7/29/2019 Authenticating Linux Clients With Active Directory

1/2

Authenticating Linux Clients with Active Directory

Objective:

To providing high-quality and cost-effective IT services through integration of core software

infrastructure; Active Directory.

Windows Authentication:

Windows has shipped with an integrated network authentication and single sign-on system for quite

some time.

Linux Authentication:

Linux was not built with a single authentication mechanism in mind and application developers

generally create their own authentication scheme, either by looking up names and password hashes

in /etc/passwd or providing a something such as Pluggable Authentication Modules (PAM.

However, OpenLDAP Software is an Open Source suite of directory software developed by the

Internet community to run on Linux and can be integrated with Microsoft Active Directory.

Samba and Winbind:

Samba is an open-source project which provides integration between Windows and Linux

environments.
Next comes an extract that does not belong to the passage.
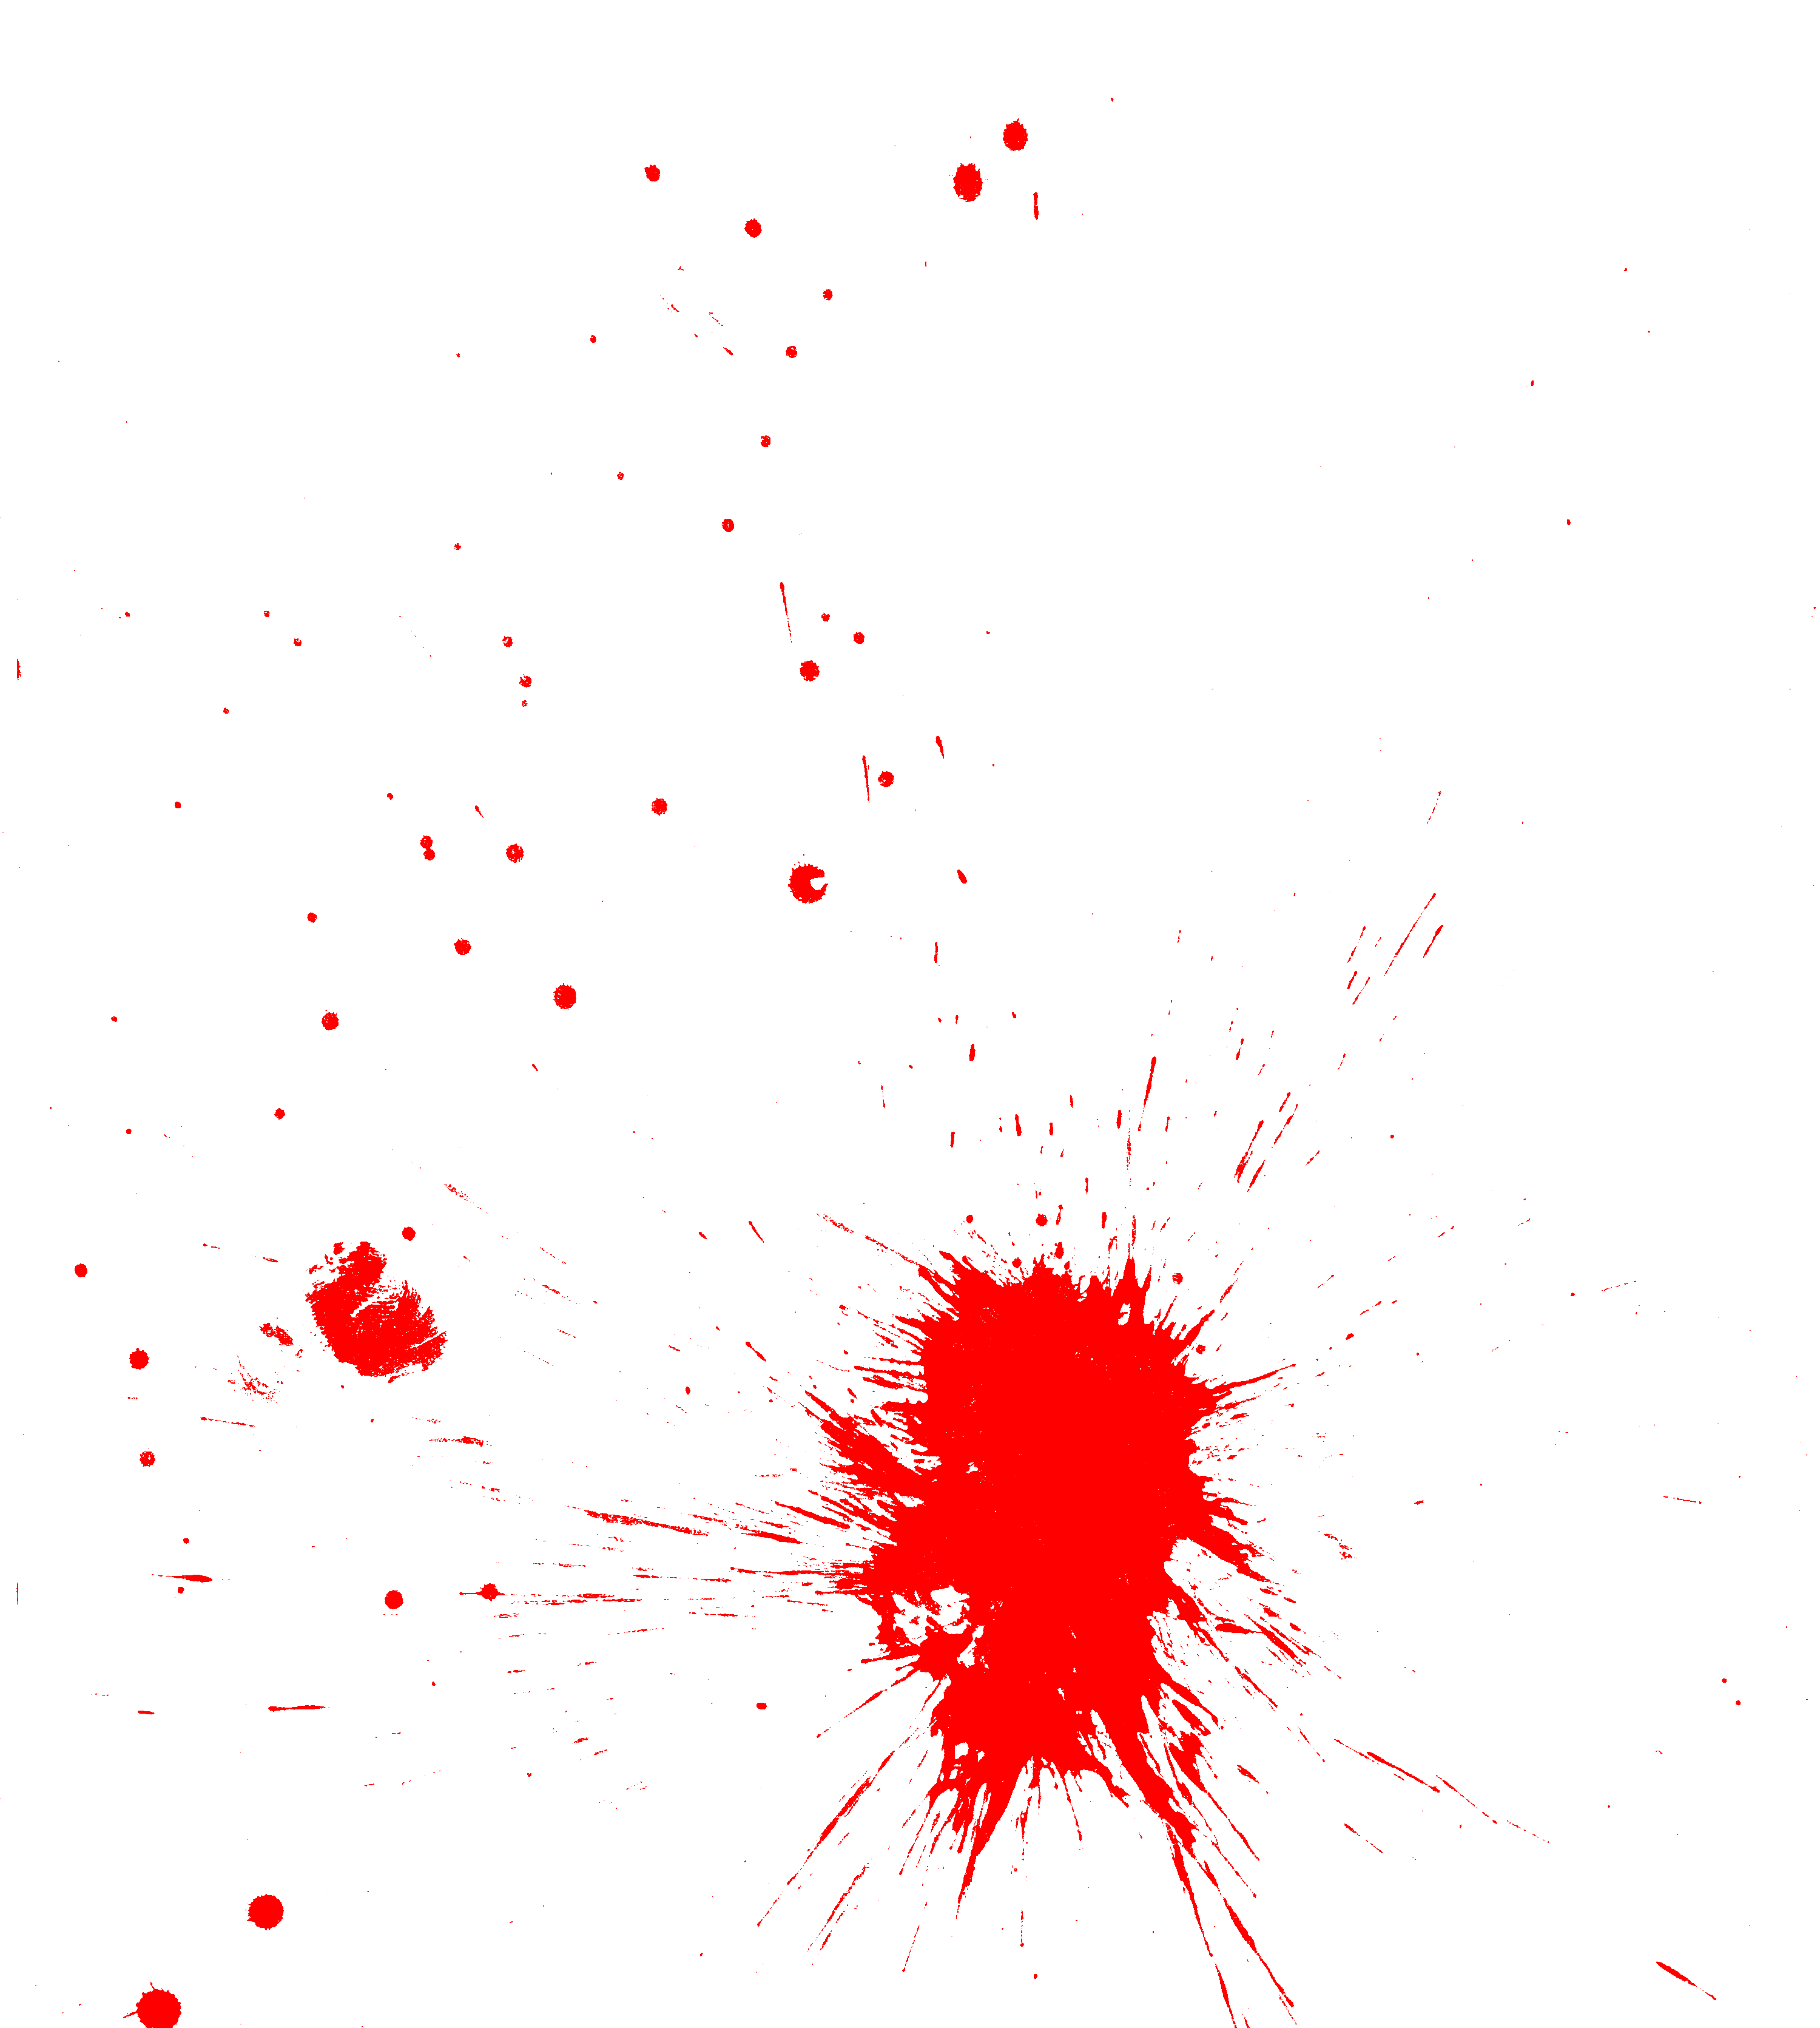 15 Blood Splatter Textures (JPG) | OnlyGFX.com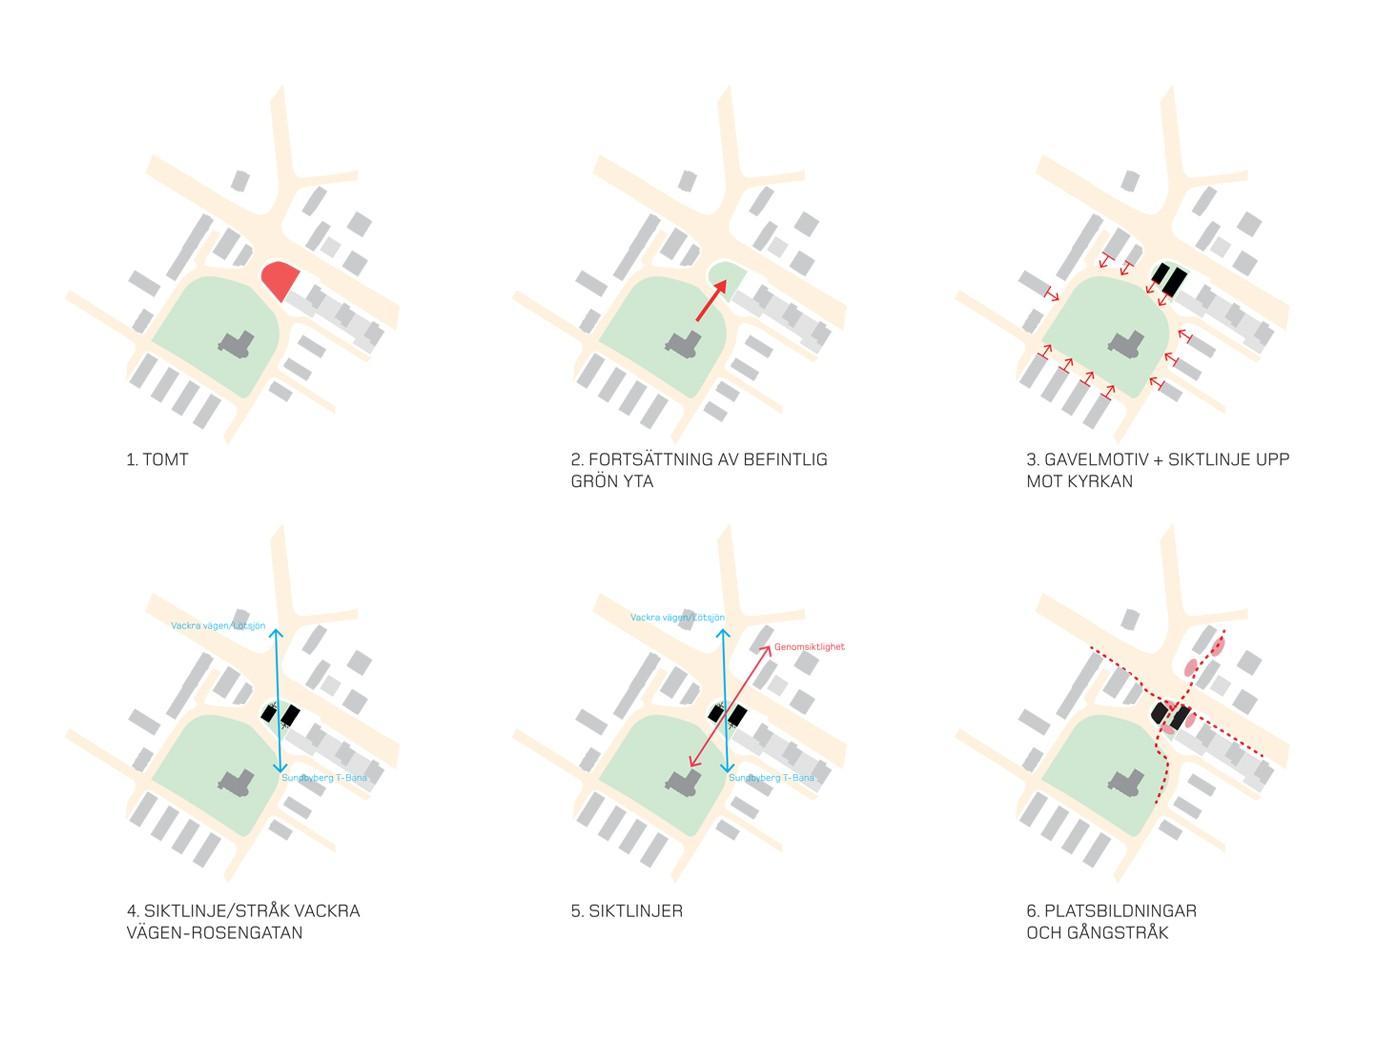 Sundbyberg_Helan_Halvan_a_ripellino_diagrams

Using these Samba client components allows Linux machines to take advantage of

Windows authentication services provided by Active Directory DCs. Winbind (a daemon/service runson Samba clients) uses Kerberos to authenticate with Active Directory and LDAP to retrieve user and

group information and also provides additional services such as the ability to locate DCs and to reset

Active Directory passwords by communicating with a DC using RPC.

Authentication Strategies:

Given the availability of LDAP, Kerberos, and Winbind on Linux machines there are implementation

strategies we can adopt to allow our Linux machines to use Active Directory for authentication. The

best of these is using Wibind to proxy between (Pluggable Authentication Modules PAM and Name

Server Switch NSS) LDAP and Active Directory by making calls to the Winbind daemon. Winbind will

translate the different PAM and NSS requests into the corresponding Active Directory calls, using

either LDAP, Kerberos, or RPC, depending on which is most appropriate.

Implementation Plan:

Getting RHEL5 to authenticate to Active Directory basically requires five separate steps:

Locate and download the appropriate Samba and other dependent components. Build Samba. Install and configure Samba. Configure Linux, specifically PAM and NSS. Configure Active Directory.

7/29/2019 Authenticating Linux Clients With Active Directory

2/2

Once implemented, this will provide the ability to log into Linux systems using credentials that are

maintained in Active Directory. A huge improvement over managing identities locally on the Linuxmachines and allows for centralised user management within Active Directory.

Some issues would be things like getting technical support as most of the Linux community are

somewhat in the dark when it comes to Active Director and the support you can get depends

entirely on who happens to read your post and how they feel that day.

There are no migration or deployment tools with Samba so existing Linux accounts with their

associated user IDs and permissions will have to be manually maintained prior to migrating them to

Active Directory.

Finally, Group Policy isn't available with Samba but is currently being developed so though we can

join a Linux system to Active Directory with Samba, we can't manage it using Group Policy yet.

Third Party Solutions:

There are currently four commercial software vendors that have developed easy-to-install-and-use

versions. They provide the code and migration tools for nearly every popular version of Linux as well

as support for managing Linux machines using Group Policy.

The four companies are:

Centrify Likewise Software Quest Software Symark

All four vendors provide similar functionality but include Group Policy management across a wide

array of Linux distributions. Likewise Software has recently open-sourced its implementation, called

Likewise Open but its Group Policy component remains a commercial product. However, this may

provide a cheaper path for Linux integration into Active Directory.

Does it make sense to build our own authentication system using Samba and Winbind when there

are commercial options available?

If there is no money in the budget for integration software then going the open-source route with

Samba or Likewise Open has the advantage of being free barring some possible hardware costs;

however, migrating existing Linux machines and their existing UIDs is a very difficult problem though

once achieved; everything could be managed through Active Directory.

Integrating Linux authentication with Active Directory reduces the effort spent on managing multiple

user accounts, improves system security, and provides a single identity store to manage and audit,

and those are very good reasons for considering it.